“Syracuse’s nebulous ban on ‘mental harm’ means students don’t know if they can ask questions or discuss sexual misconduct without getting in trouble”
Syracuse has a policy against causing others mental harm. That’s what’s being enforced here.
From the FIRE blog:
Syracuse punishes student for asking man at party if he’s a Canadian sex offender
She’d heard rumors that the guy at the party had a history of problematic behavior toward women. So Syracuse University freshman Samantha Jones went right up to him and asked: Was he a registered sex offender?
Now, Syracuse is enforcing its ban on causing “mental harm” to punish the 18-year-old biology student for her question. It’s a move that adds to Syracuse’s troubling history of censorship and raises new questions about the vulnerability of Syracuse students who report or discuss sexual misconduct on campus.
“Syracuse’s nebulous ban on ‘mental harm’ means students don’t know if they can ask questions or discuss sexual misconduct without getting in trouble,” said FIRE Program Officer Alex Morey. “Administrators should take action now to ensure these kinds of vague policies don’t infringe students’ core expressive rights.”
In October, having heard rumors of past predatory behavior, Jones approached a fellow student at an off-campus party and asked him if he is a registered sex offender in his native country, Canada.
He reported the incident to campus police, who referred the matter to Syracuse’s Office of Community Standards.
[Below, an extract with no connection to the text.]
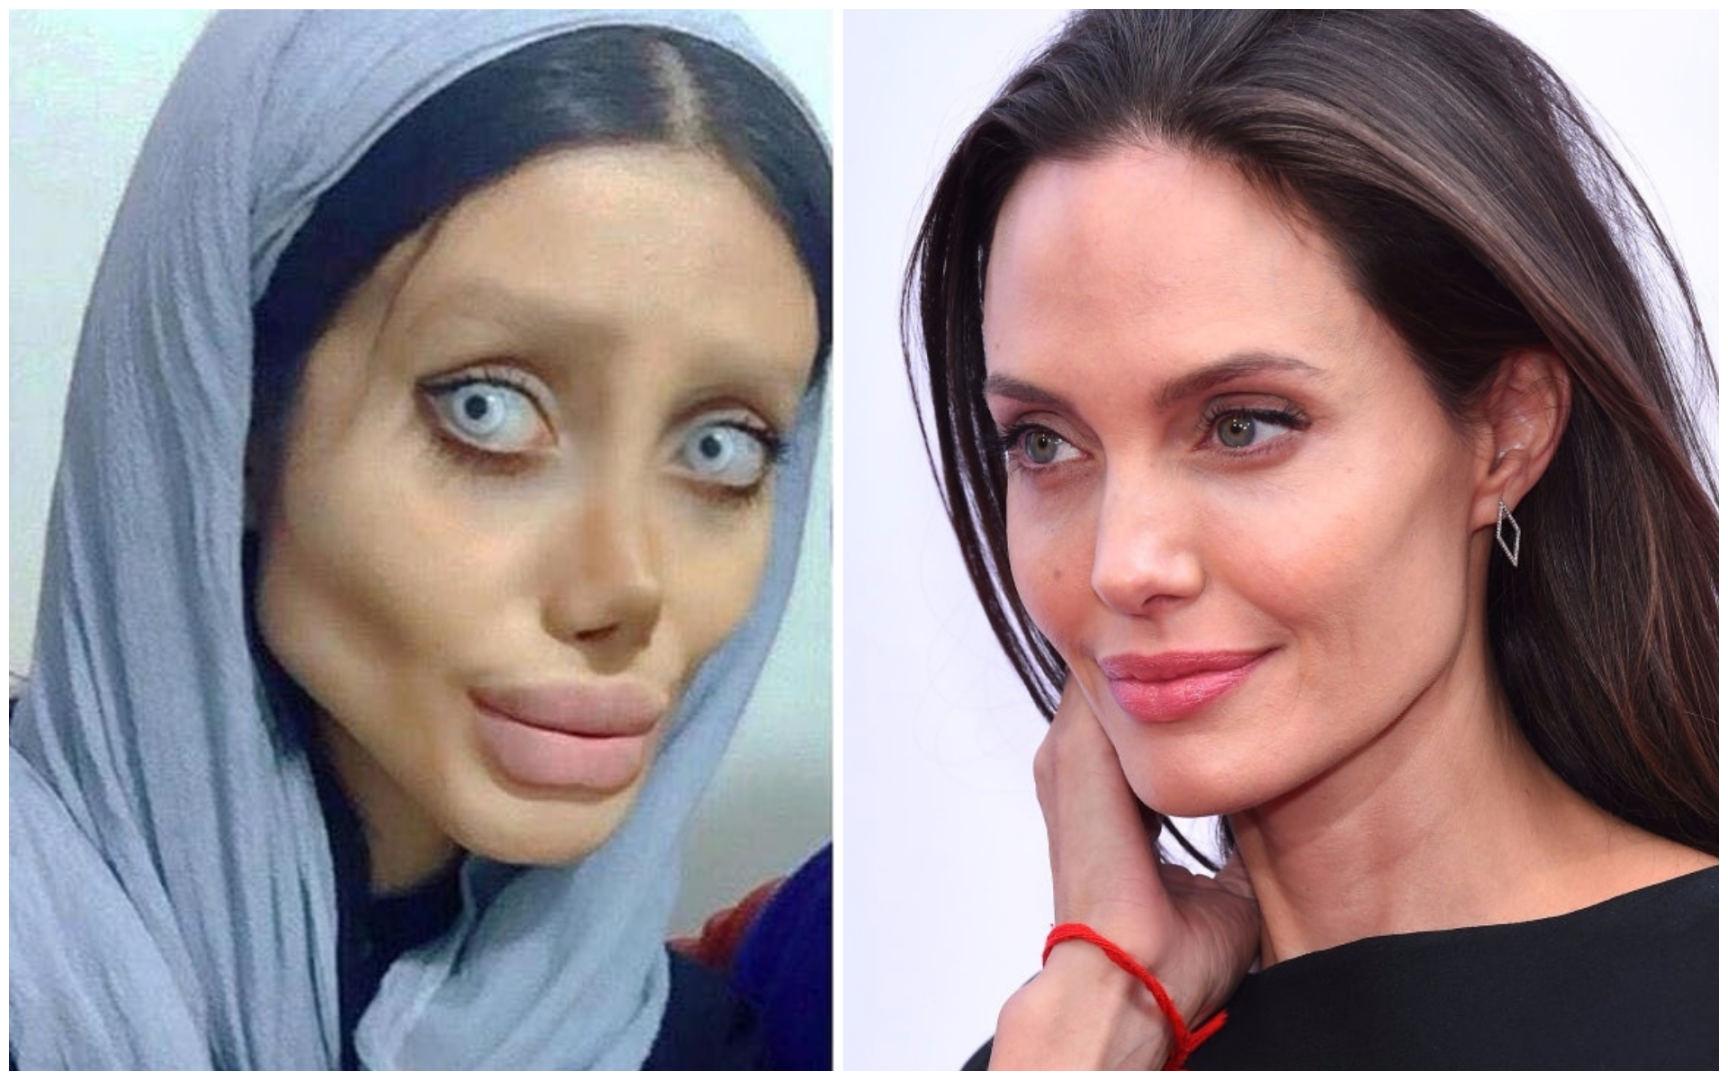 Loca que se parece a Angelina Jolie
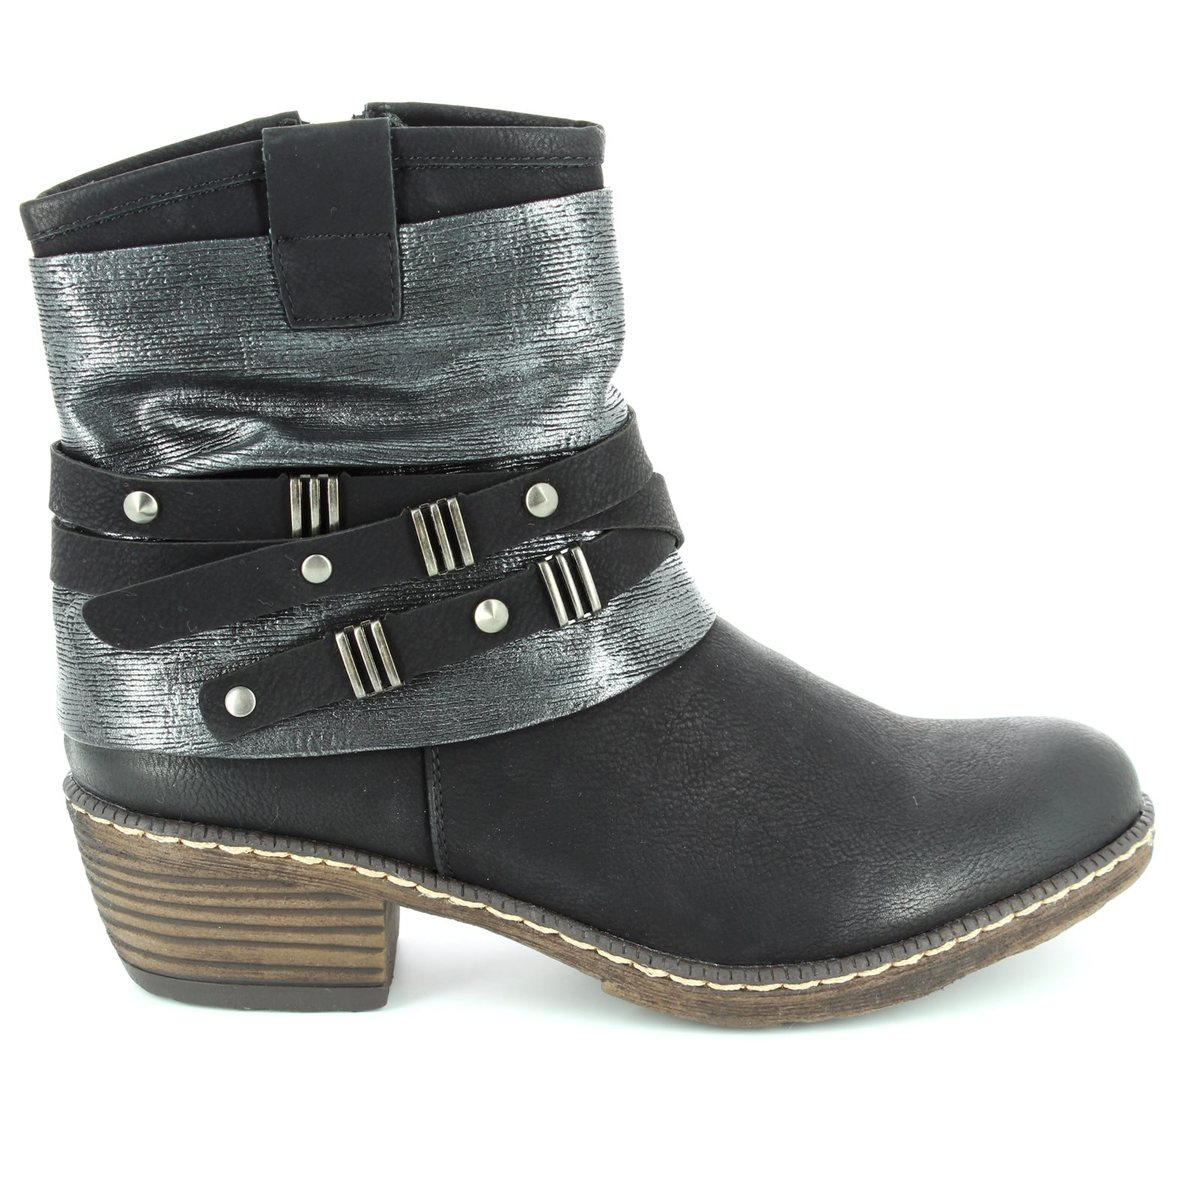 e7ff4b4a8f0ab Rieker Boots - Black - K1483-01 BERNASTRA

Last month, the University Conduct Board found Jones responsible for violating a ban on “[c]onduct, whether physical, electronic, oral, written or video, which threatens the mental health, physical health, or safety of anyone.” Jones has since been placed on disciplinary probation and is required to attend “Decision-Making” and “Conflict Coaching” workshops.
“Accusing someone of something that has no validity, especially being on a sex offender list can harm one’s mental health and safety,” wrote Syracuse administrator Sheriah Dixon in a December memo detailing Jones’ formal punishment. The problem with this assessment? Jones didn’t accuse the man of anything. The Conduct Board’s own findings conclude plainly that all Jones did was seek clarification about rumors.